Sa arrotondare le punte, mantenendo la linea, disponibile a mediarla senza abbandonarla. Il suo intervento alla recente Conferenza di Monaco è stato esemplare. Al punto che molti europei, inclusi esponenti della destra, senza dirlo esplicitamente, si augurano sia lui il successore di Trump nell’ipotesi di un nuovo insuccesso democratico.
America Latina, Venezuela e la sfida cubana
Rubio è anche l’architetto dell’operazione Venezuela. La defenestrazione di Maduro e la scelta di non eliminare l’intero gruppo dirigente di Caracas, cercando invece un’intesa col regime, portano la sua firma. E, almeno per ora, sembrano funzionare.
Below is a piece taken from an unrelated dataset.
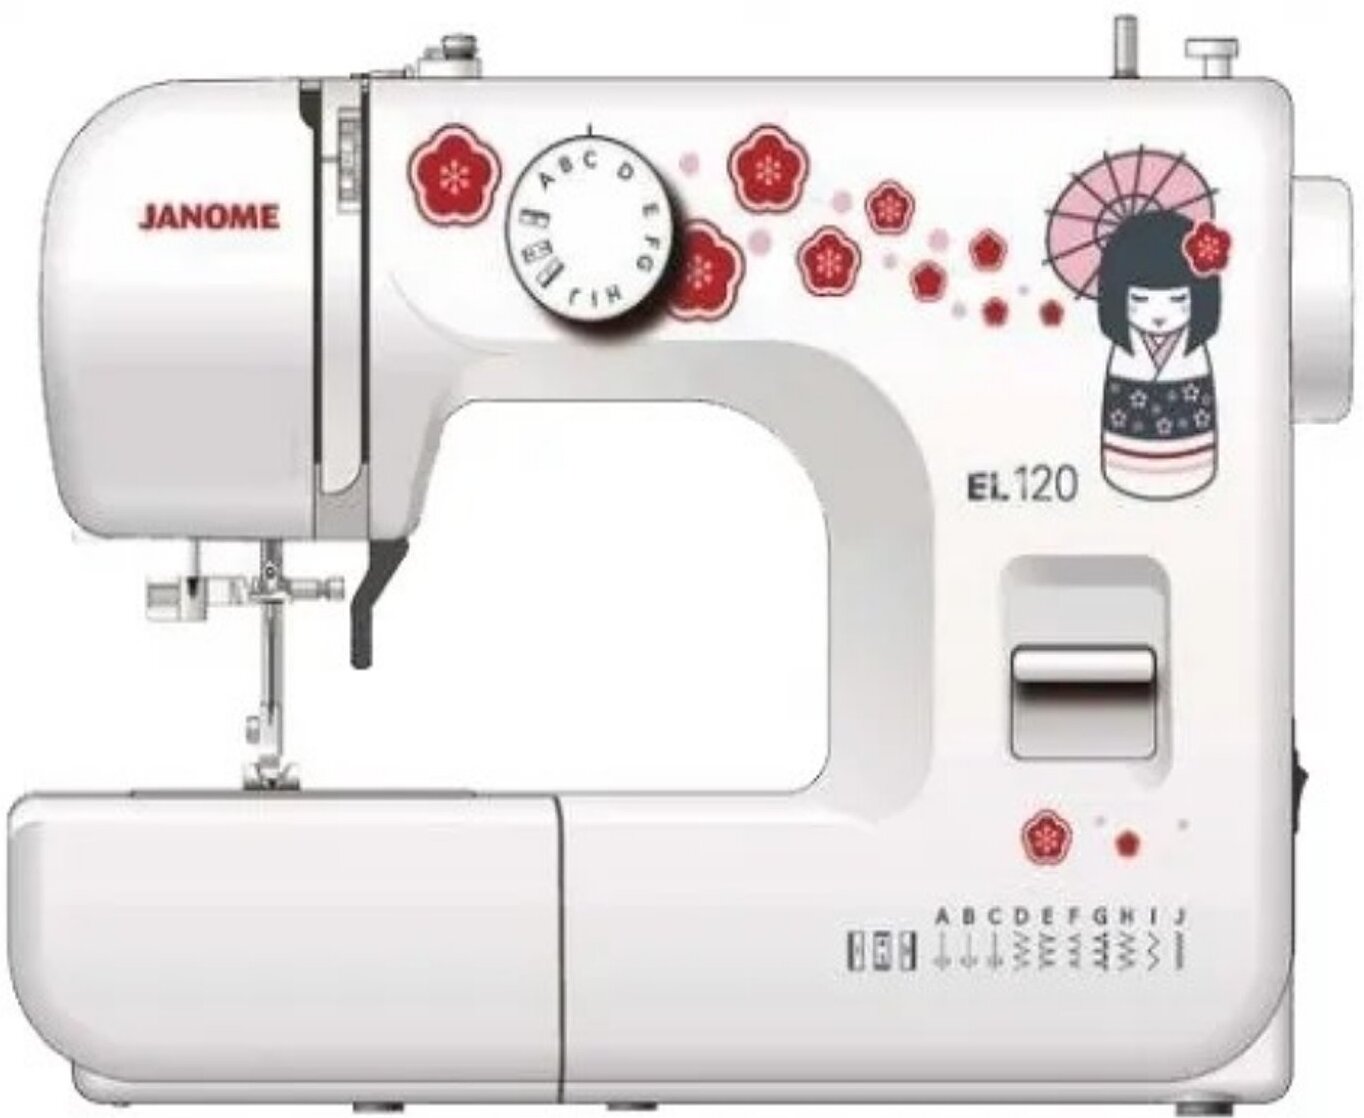 Швейная машинка janome купить в москве. Швейная машина Janome el-120. Швейная машина Janome TC 1216s. Швейная машина Janome sk13. Швейная машина Janome el5465.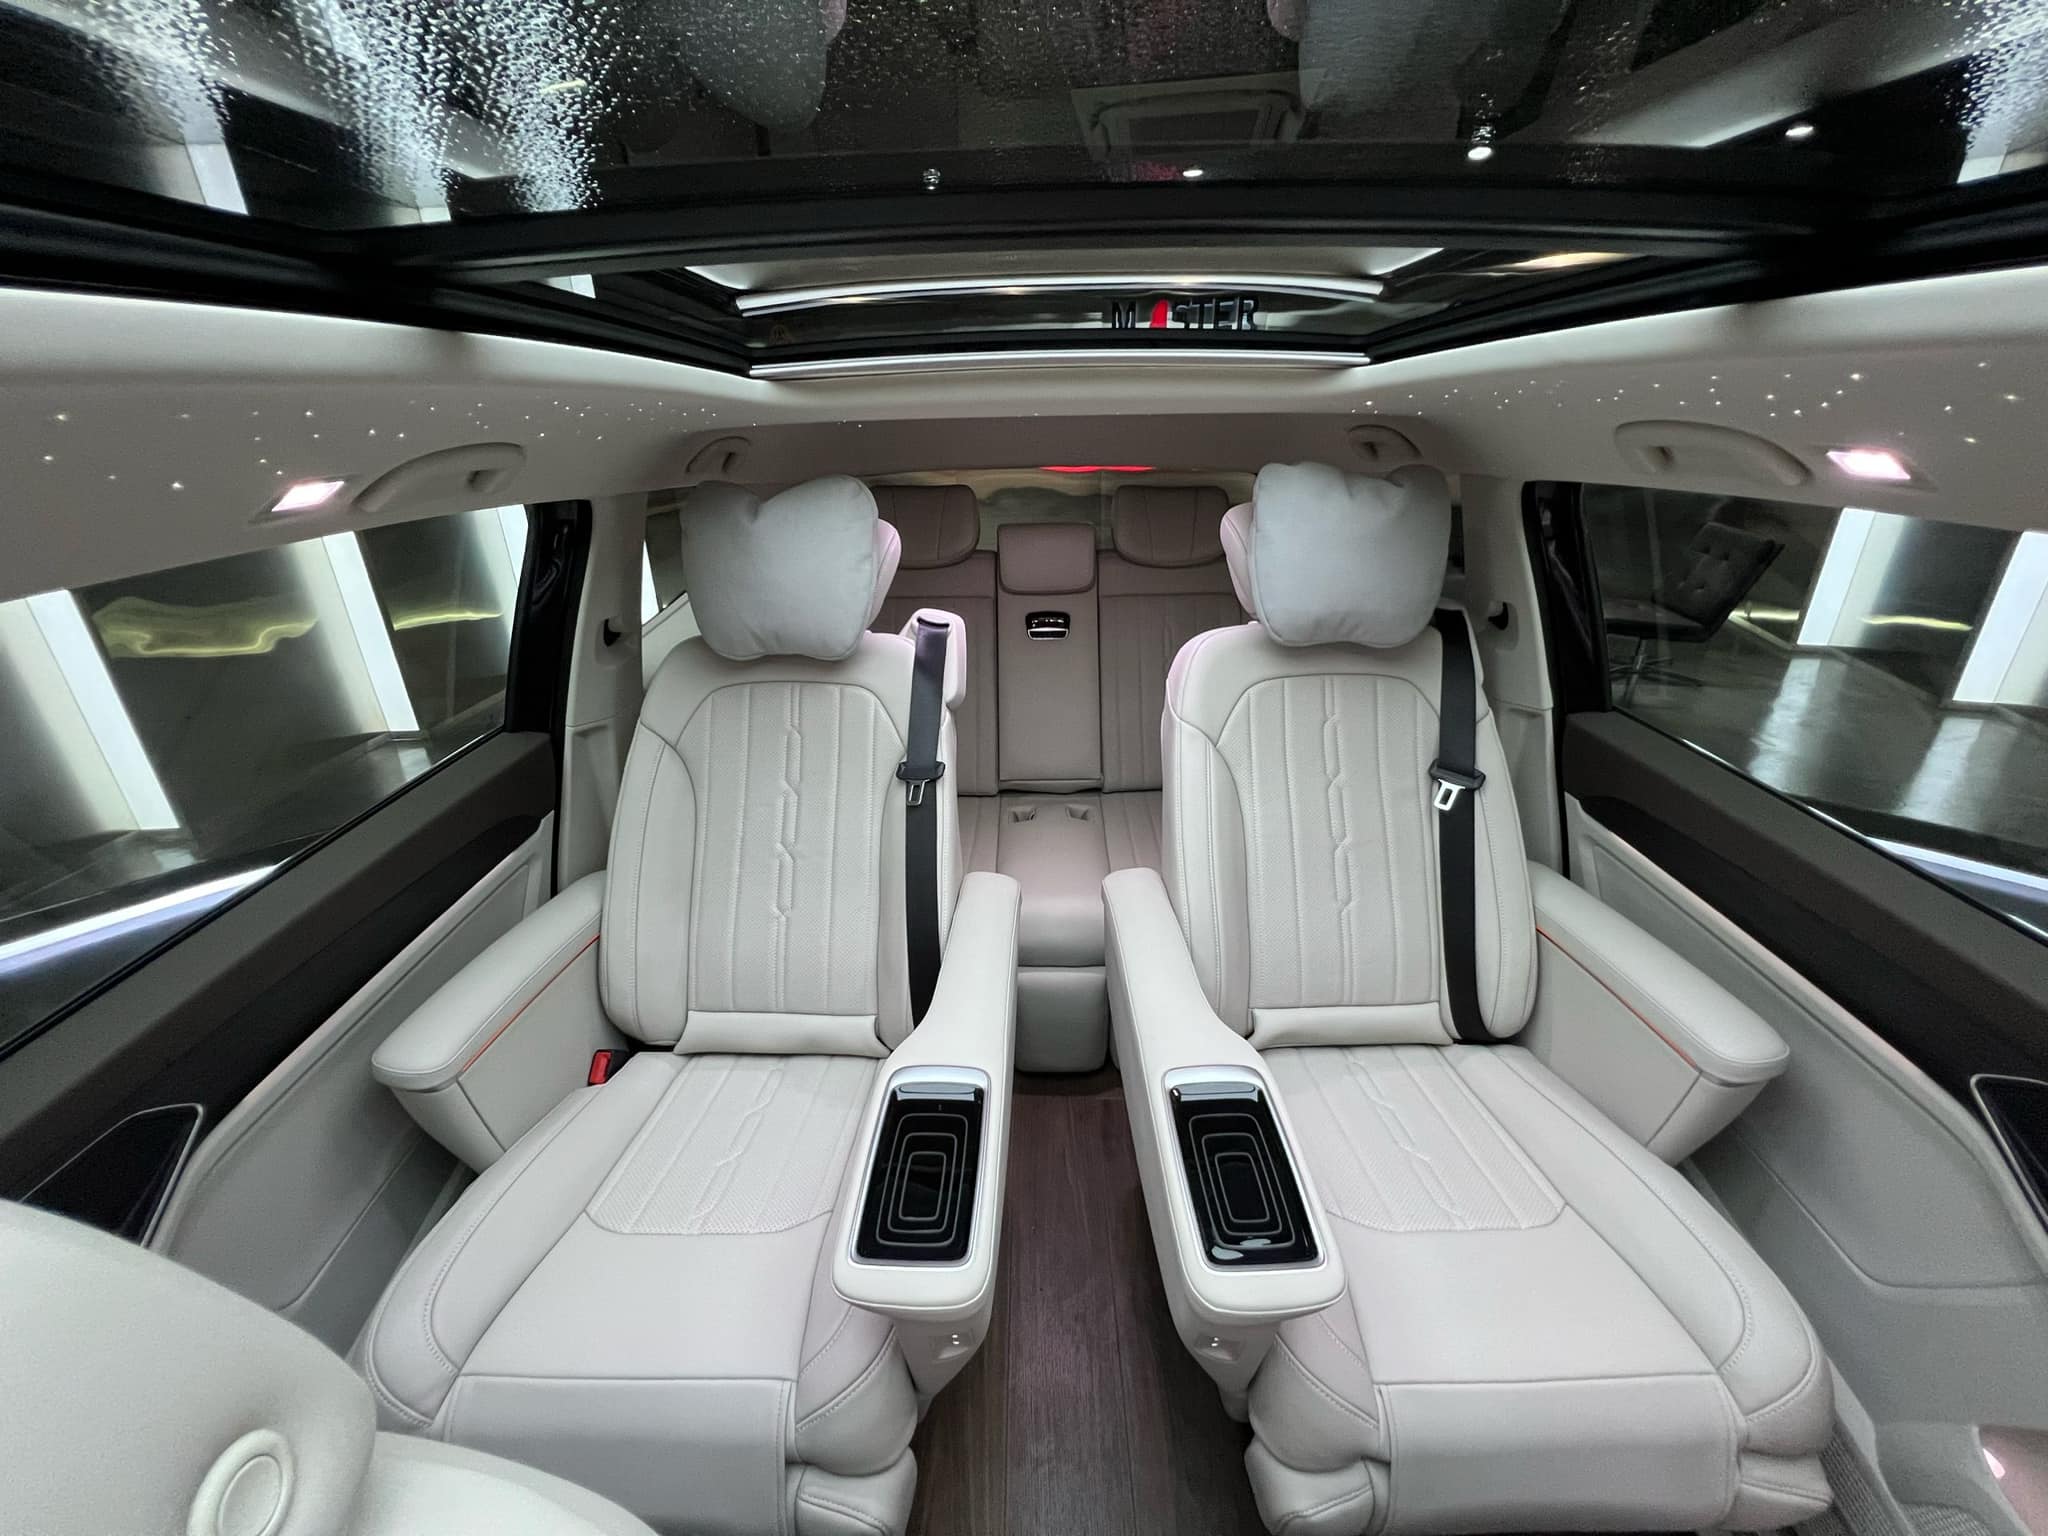 Trấn Thành sắm VW Viloran bản base nhưng có trang bị khủng hơn bản full: Ghế thương gia xoay 360 độ, sàn gỗ, trần sao kiểu Rolls-Royce - ảnh 5

Per ragioni familiari e politiche è profondamente interessato al Centro e Sud America, e la declinazione della storica Dottrina Monroe nel nuovo “Protocollo Donroe” va nella direzione a lui cara. Ma più di ogni altra cosa vuole liberare Cuba dalla dittatura castrista. Conseguire un cambio di regime a L’Avana senza spargimento di sangue, strangolandone l’economia, sarebbe un risultato straordinario dal suo punto di vista. Ed è su questo che si sta applicando.
Se a tutto ciò si aggiunge la prudente gestione dei rapporti con i conservatori classici, si può sostenere che la partita nel campo repubblicano è aperta, che è già cominciata a un solo anno dall’insediamento di Trump e che da essa Rubio non è affatto fuori. Anzi.